Accounting for Internal Human State

In some cases, the robot needs to go beyond incorporating the physical human state into its model, and start accounting for the internal state that the robot cannot observe, like the human's preferences or their beliefs about the robot.
  • Our previous work enabled robots to estimate people's goals from their motion, and to convey their own goals to people via legible motion.
  • We are investigating the plethora of communication implicit in action: how motion and more generally robot action can convey not just goals, but properties, objectives, capabilities. We worked on inferring an operator's desired constraints during shared autonomy, and are currently working on expressing emotion under our CITRIS grant.

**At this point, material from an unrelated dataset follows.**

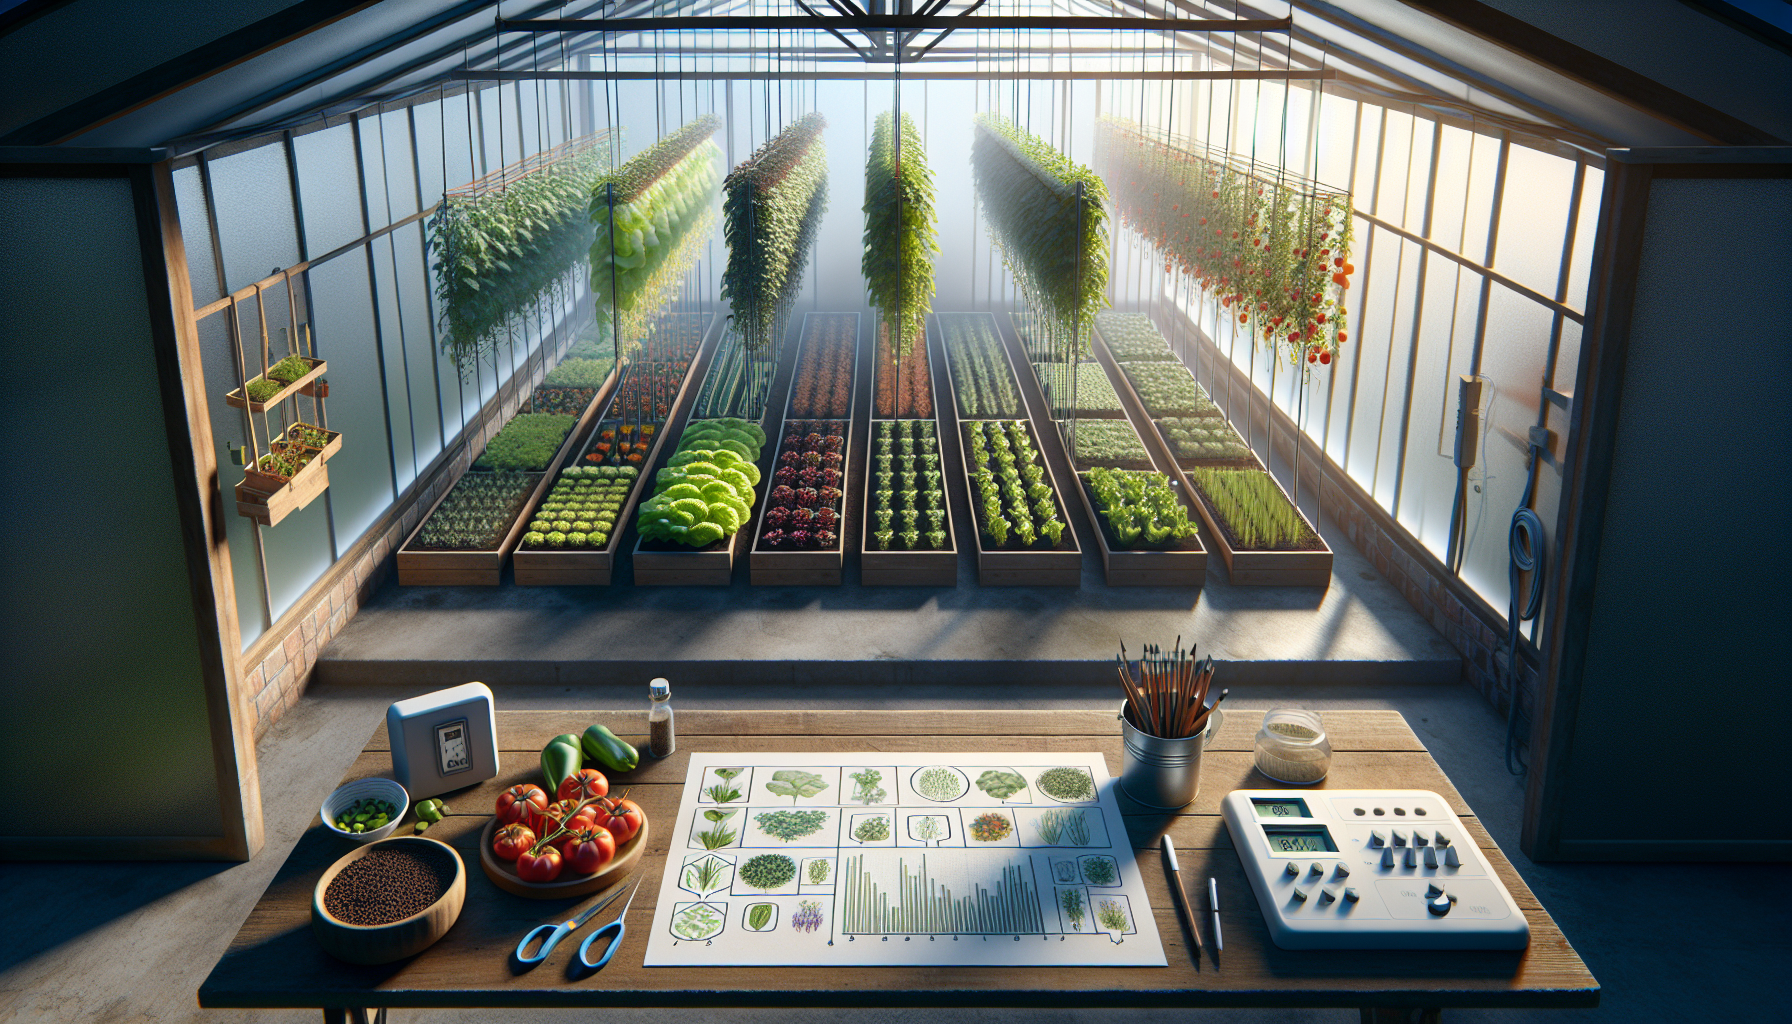 Maximizing Your Produce: Square Foot Gardening in a Greenhouse

  • We are working on coordination of task plans: anticipating the human's plan and adapting to it, as well as generating robot plans that are easy to anticipate. [in progress]
  • Collaborative Learning

    Typically, robot learning assumes a robot passively observing a human expert act to perform the task. We are instead formulating learning as an interaction between a teacher a learner.
    • We developed a two-player partial information game formulation that enables the robot to account for the fact that humans act differently when they teach than when they perform the task. We call it Collaborative Inverse Reinforcement Learning.
    • We are working on bidirectional learning, in which the robot also needs to teach the human -- about its capability, and about what it has learned. [in progress]
    • We developed tools for reducing the burden on the human teacher by only asking for examples when they are actually needed: not asking when the robot is confident, and not asking when analytical models are still useful.